If you have Single Disk Redundancy (SDR) then when the second drive is “missing” Drobo will tell you “Too many drives have been removed” and the drive bay lights will blink red.

If you have Dual Disk Redundancy (DDR), then if the drives are missing for more than a short amount of time, the remaining drives will go into relayout and Drobo will tell you your Data is not protected (because it isn’t)

Did you move the Drobo with the drives in it? DRI does not recommend that as movement of the drives (since not all drives are built exactly the same size/height) can put stress on the backplane connection.

well. all 5 drives in my FS have been running about 6 weeks now just fine. i physically relocated the drobo from a desktop to a shelf, moving it only several feet, while it was powered off. i re-seated the drive and it was recognized as a fresh new drive and the drobo took off rebuilding on its own. i wouldn’t say the drive failed. i may not have been the most gentle moving it over, but i certainly didn’t drop it either.

actually when i initially populated my drobo some of the drives (2) were not immediately recognized. i think the connectors in back might be a little tight or something. re-seating both got them set properly and they worked. this was bays 2 and 3 (from the top). my failure yesterday was the bottom most bay.

what concerns me most is the auto-recovery that kicked in after reseating the drive. as i said, with my linux server, this would not have happened, i would have had to initiate a rebuild. re-seating the drive and powering up again as i did with the drobo would have recovered from the error without any loss or rebuild. but linux-raid would have recognized the re-attached drive as part of my md set and all would be well.

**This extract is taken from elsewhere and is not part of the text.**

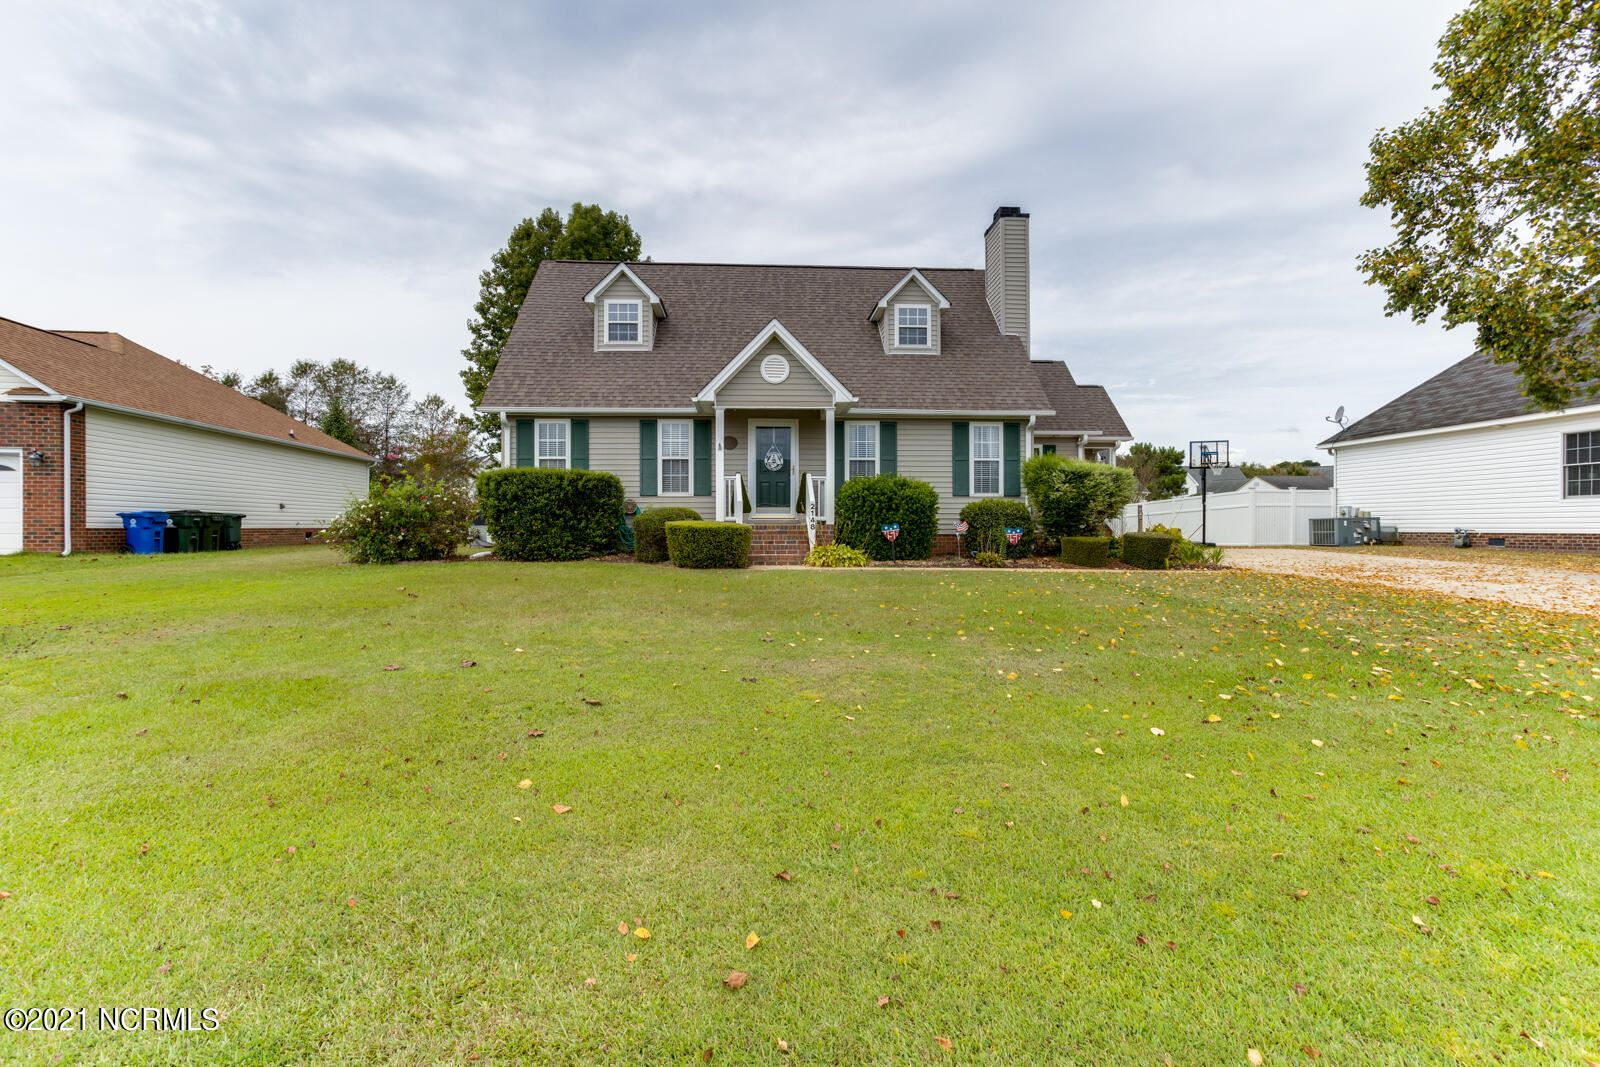 Photo of 2148 Winder Drive, Winterville, NC 28590 (MLS # 100291072)

i understand drobo tries to automate most of the administration functions of managing a raid set, to make it very easy on the user. but on the other hand, this is dangerous behavior that could result in data loss in a situation where there should be no loss.

the worst part, you can’t even protect yourself from it. unless you watch the bays when you restore power after a move and immediately shut down if one drive does not light up. you might not realize what is going on until the unit is on-line and the drobo app issues its warnings. in my experience, it was already too late by then.

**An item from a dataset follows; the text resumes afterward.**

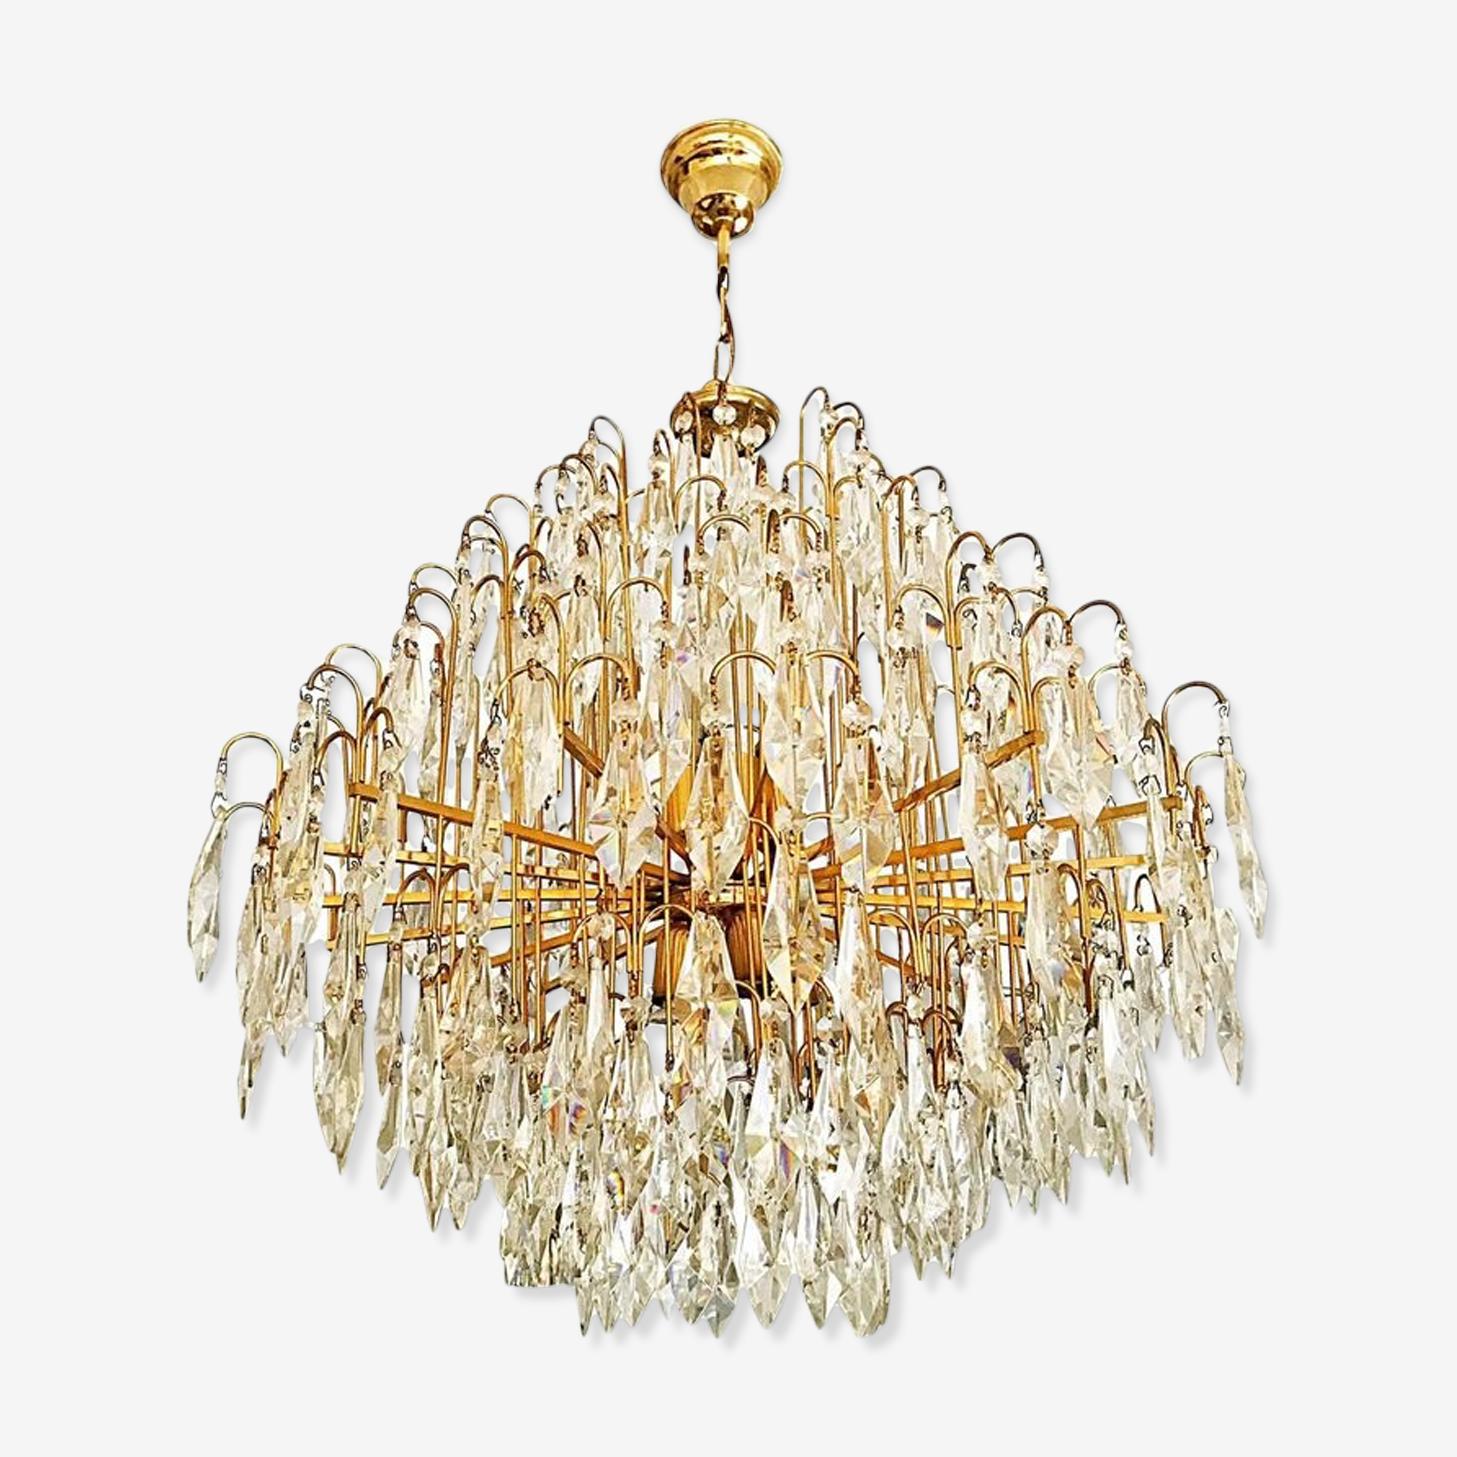 Italian Murano 1970 crystal chandelier

and if 3 drives became loose. would it be irrecoverable? better be very careful. as i said, i have no plans on moving my drobo physically again until this issue is addressed.[hr]
the drive was not bad. i know it was unseated because the bay had no light on, so it must not have been making physical contact. so the drobo assumed it had physically failed out entirely.

where does the documentation state not to move the unit with drives in it? yes. i moved it with the drives in it, a distance of all of 5’. as i said, i didn’t treat it like an egg, but i certainly didn’t abuse the unit either. it went from a hard (desk) surface to a hard (shelf) surface. it was not powered up at the time.

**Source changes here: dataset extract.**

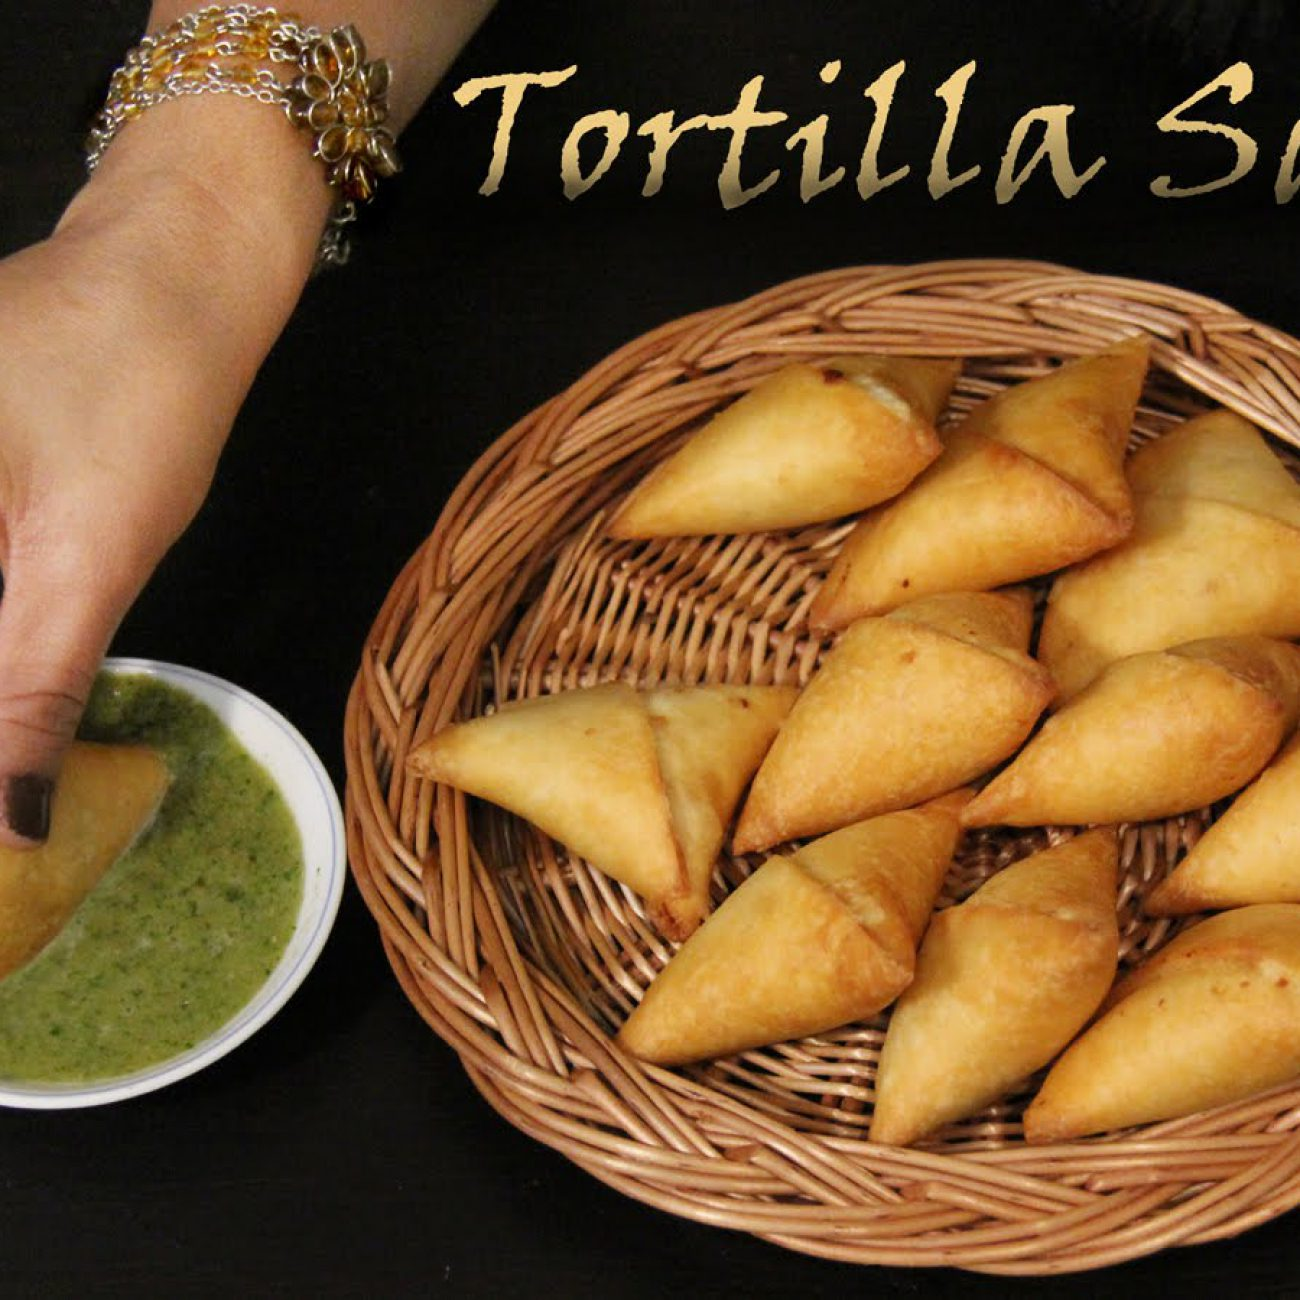 Tortilla Samosa Recipe   No Dough Samosa Recipe   Veg Snacks Starter & Appetizers for Parties Shilpi

as for time, this all occurred within a 15 minute window at most. i powered it down. moved it. powered it up. when it came up i immediately got alerts. looked over at the drobo. saw the bottom bay was not lit up at all. powered it down again. reseated the drive, and powered it back up.

[quote=“bhiga, post:3, topic:1496”]DRI does not recommend that as movement of the drives (since not all drives are built exactly the same size/height) can put stress on the backplane connection.
[/quote]

Just a quick question about this… is the Drobo then smart enough to maintain data if you pull all the drives and put them back in in a different order? Or does order need to be maintained?

When fully-inserted and the eject arm is latched, the drives should be fairly secure.
That said, a swift kick (not enough to break anything, but enough to dent plaster) would definitely eject at least one drive. Trust me… I did that once. Not that I was angry with Drobo - it was just at my feet and my leg slipped as I was pushing my chair back.

You might want to open a support ticket and send DRI your logs so they can check for anything that looks like an intermittent connectivity-related issue.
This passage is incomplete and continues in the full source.